Google has purchased Moodstocks, a French startup that specializes in speedy object recognition from a smartphone, showing (again) the search giant's intense interest in AI. Unlike other products (including Google's own Goggles object recognition app) Moodstocks does most of the crunching on your smartphone, rather than on a server. While Google seemingly has some pretty good image-spotting tech already, like the canny visual categorization in Photos, it says it's just getting started.

"There is still a long way to go [with machine learning], and that's where Moodstocks comes in," the company said in a blog post (translated). The deal seems to fall in to the "aqui-hire" category, as Moodstocks will cease its own recognition services, and its team of engineers will join Google at its R&D center in Paris. Google is rumored to be working on a feature that allows Android users to search directly from their photos (below), though the company didn't say if the acquisition is related.

Google isn't the only company pursuing deep learning and image recognition. Facebook, Twitter, Microsoft, Amazon and basically most of Silicon Valley are enamored of the tech. It's already being used in voice recognition apps like Alexa, Cortana and Siri, and image recognition products like Google's Photos and Microsoft's Translator app. Other deep learning applications include driverless cars, robotic concierges, cooking, weather forecasting, writing criticism and infinitely more.

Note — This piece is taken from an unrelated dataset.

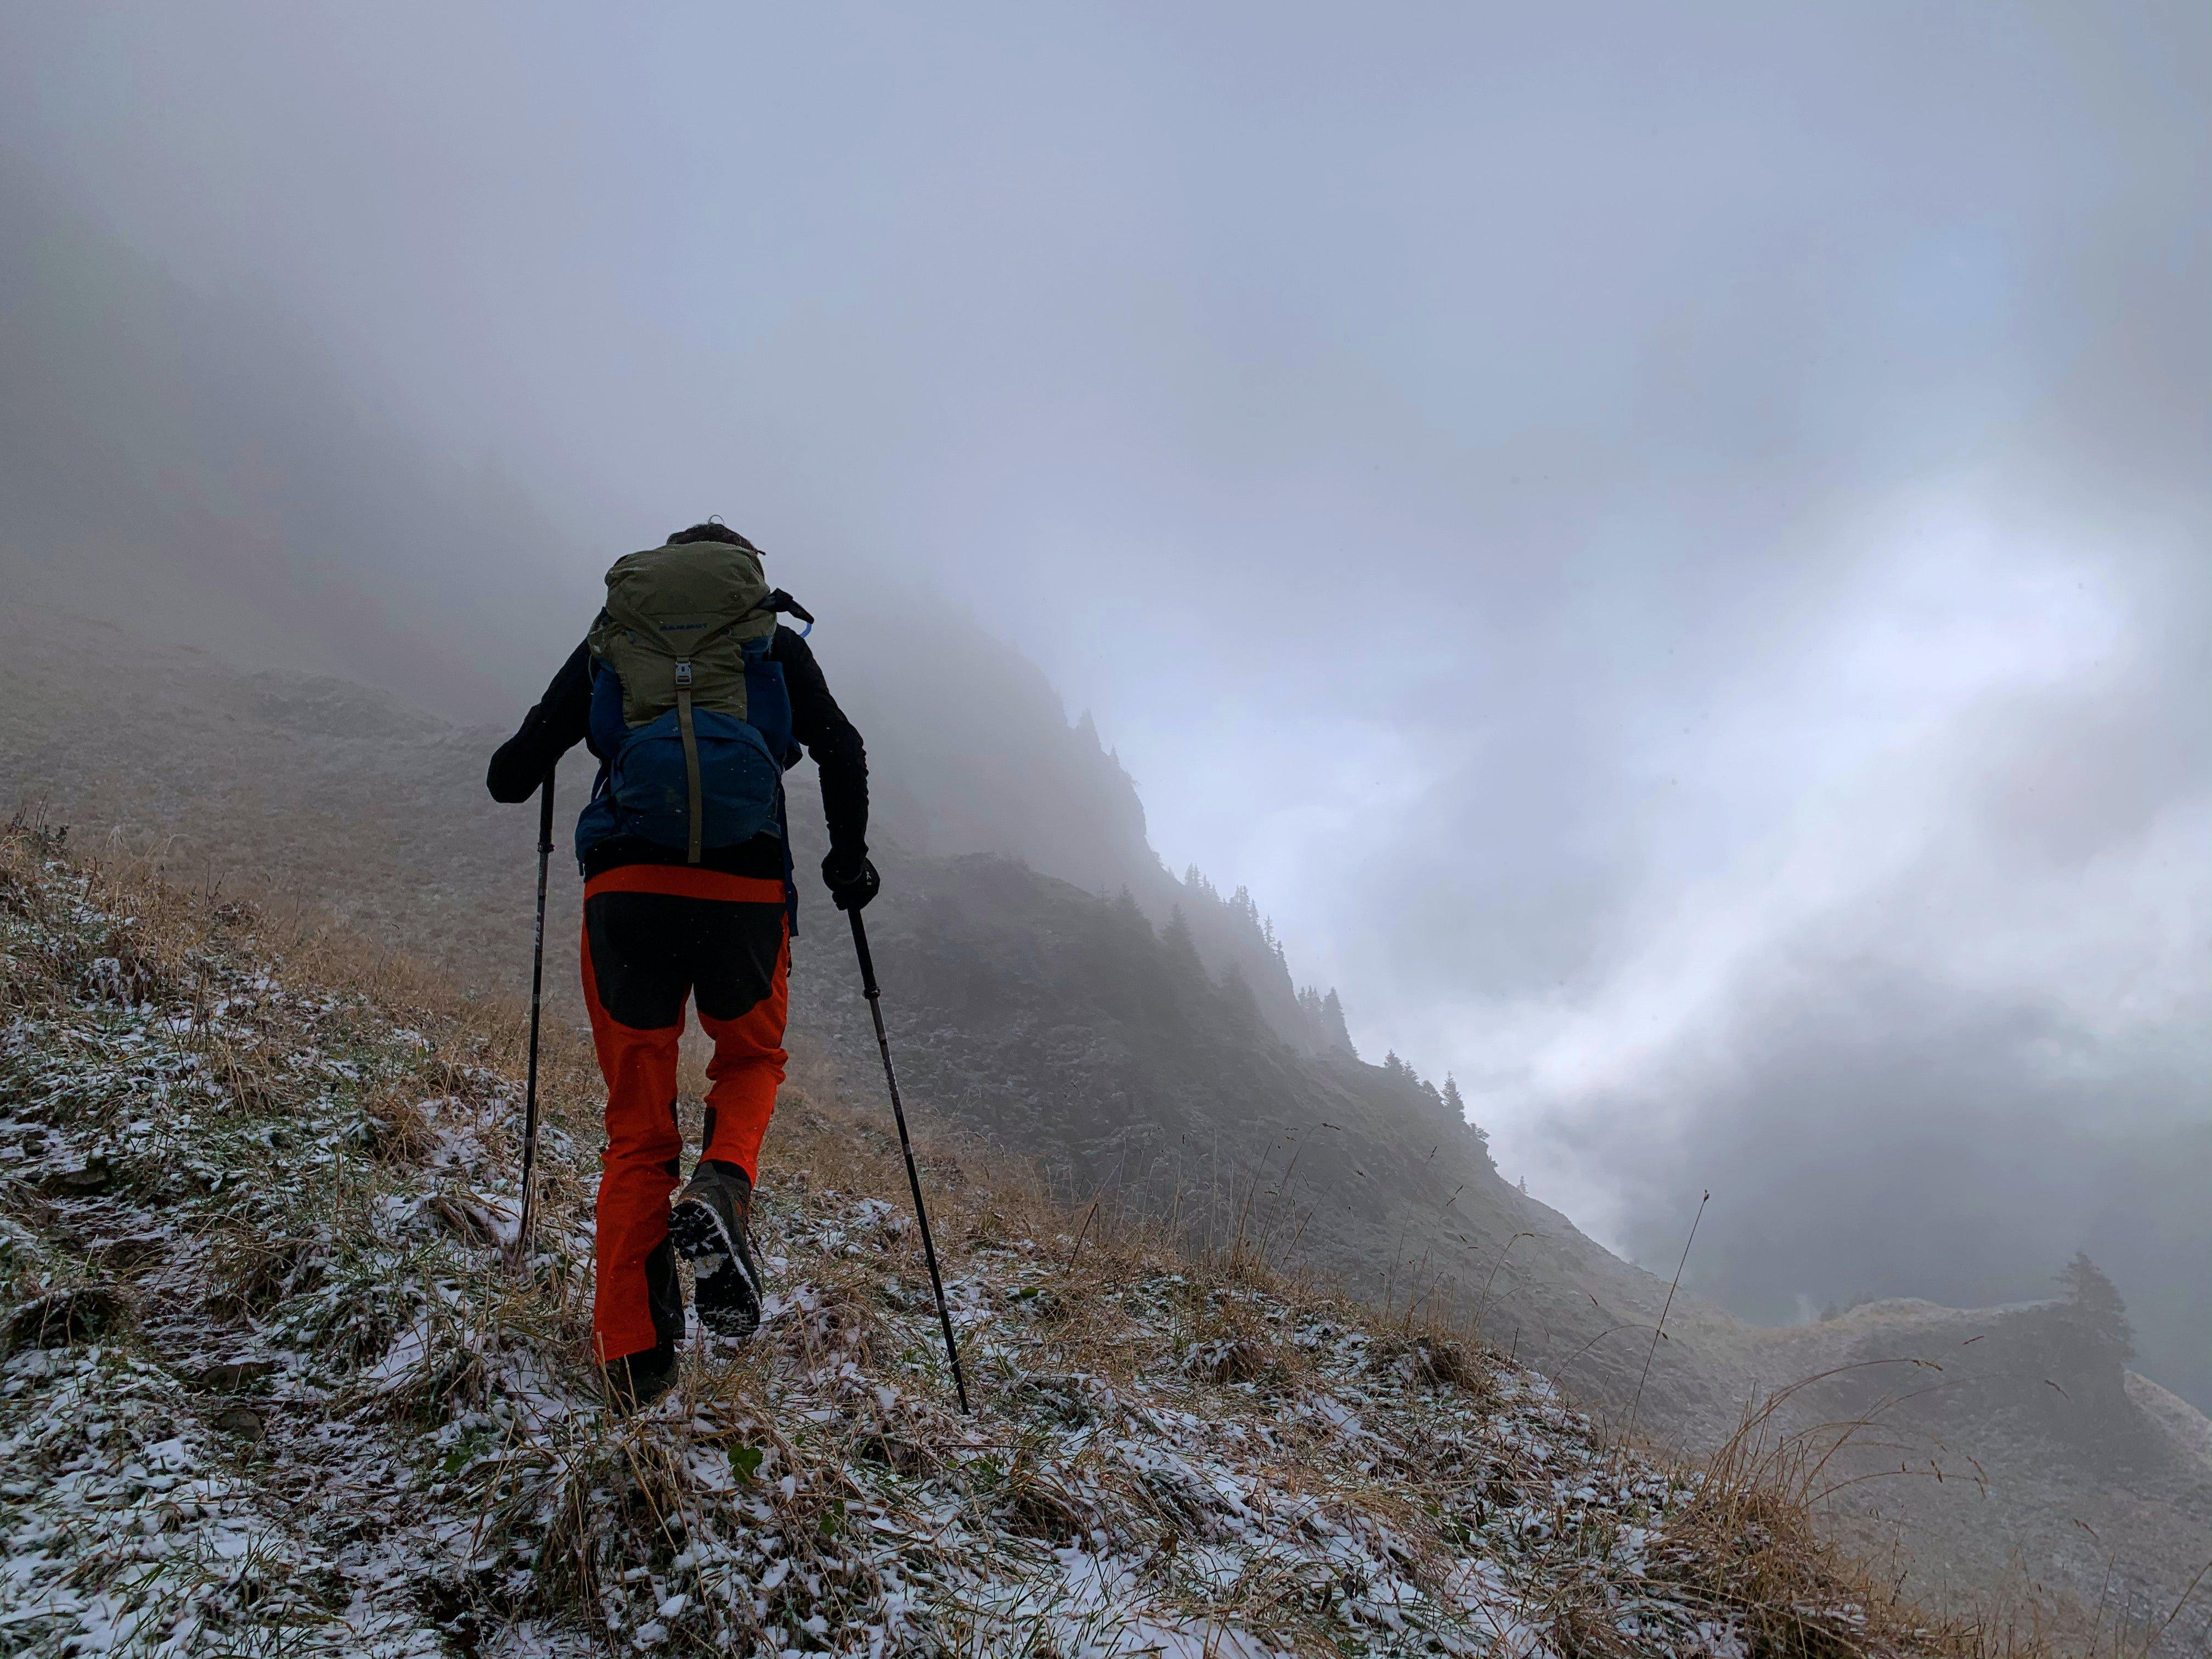 Walking Poles In The Mist

Most of those apps rely on powerful servers like IBM's Watson, but the latest trend is to speed things up by processing data on your device. Apple's iOS 10, for instance, will rely less on cloud computing and more on the iPhone's built in horsepower for image recognition. Google's purchase of Moodstocks appears to be along the same lines, as the startup has expertise in "thick client" computing, which uses a combination of cloud and "on-device" computing.